Phyloseminar #103: Bjørn Kopperud (LMU Munich) and Andrew Magee (U Washington)

Birth-death congruence classes can be collapsed using Bayesian shrinkage priors

Recently, the discovery of congruent sets of phylogenetic birth-death processes has raised a series of questions as to what diversification patterns we can infer from phylogenetic trees and which are indistinguishable. Many phylogenetic trees are estimated solely from extant samples, and thus yield ultrametric trees that lack critical information (i.e., extinction events) about the tempo of diversification histories. This is the crux of the problem, and makes models in the same congruence class statistically unidentifiable. However, the general behaviour for such classes is not well known.
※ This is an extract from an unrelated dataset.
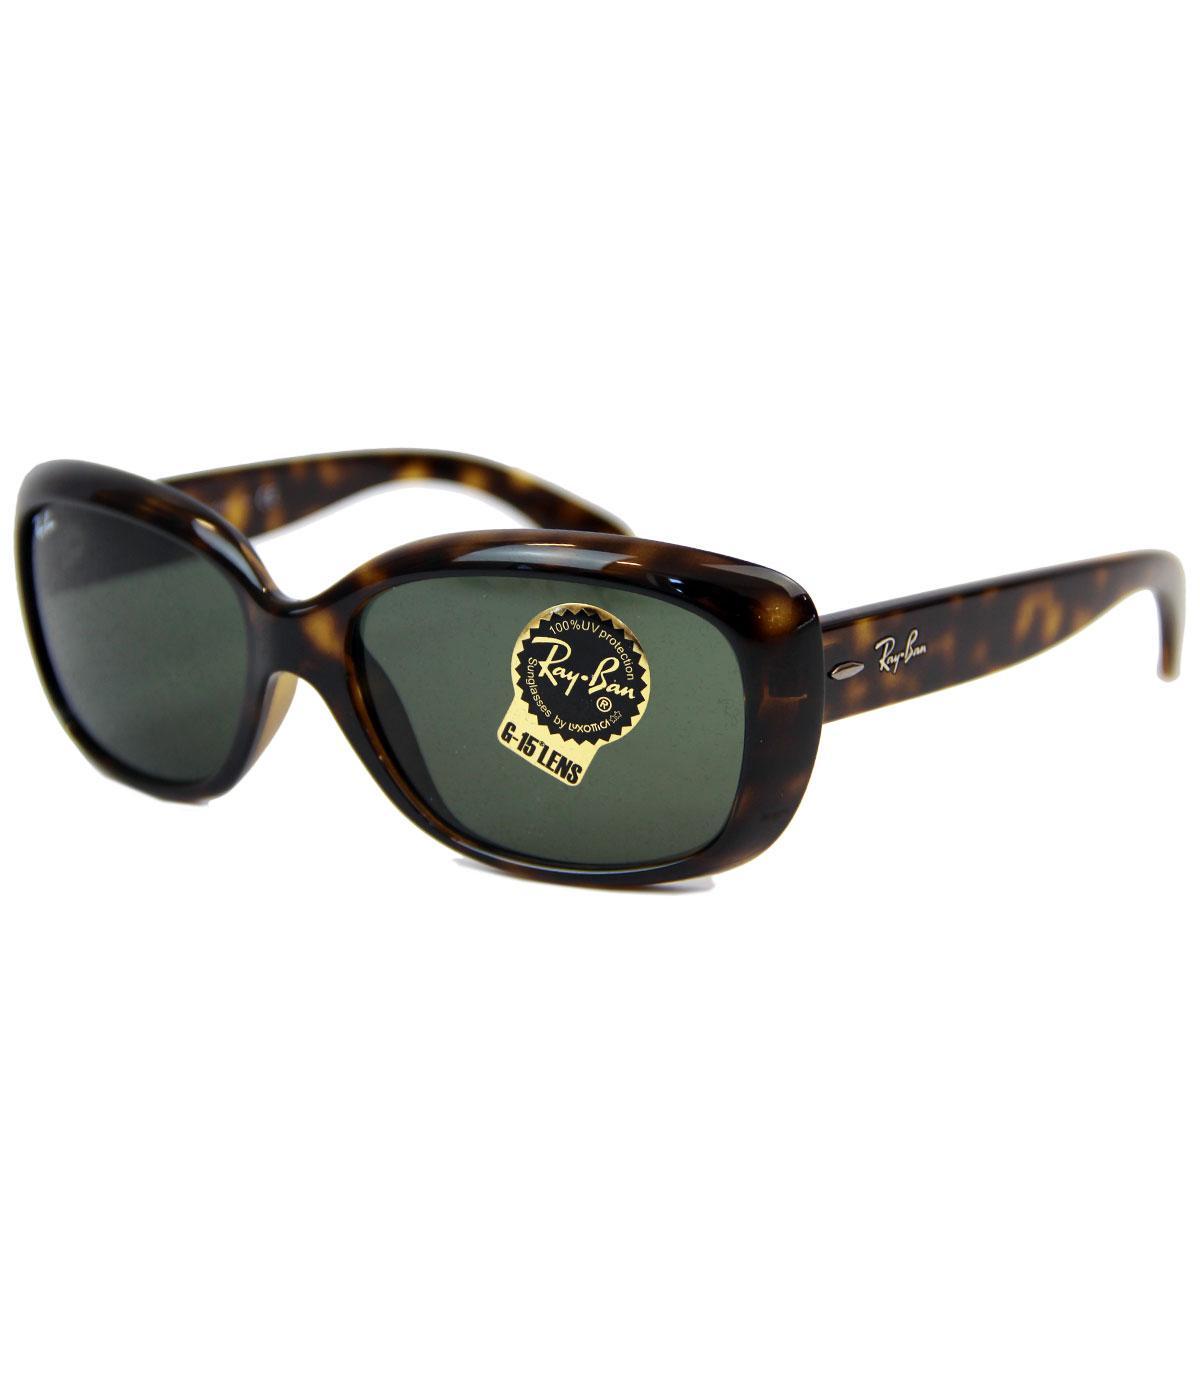 Jackie Ohh Ray-Ban Retro 60s Cats Eye Sunglasses H

How similar are these classes, are they easy to construct, and is it possible to mimic any plausible diversification history within one single class? To answer this, we simulate a series of phylogenetic trees, both within and across congruence classes, and investigate their properties using state of the art Bayesian inference methods. Our results show that the diversification rates inferred using Bayesian shrinkage priors produce not an arbitrary model from the congruence class. Instead, using Bayesian shrinkage priors collapses the congruence class, yielding a single, simplest model in accordance with the prior expectations. Thus, diversification rate can be inferred from molecular phylogenies when realistic priors are used.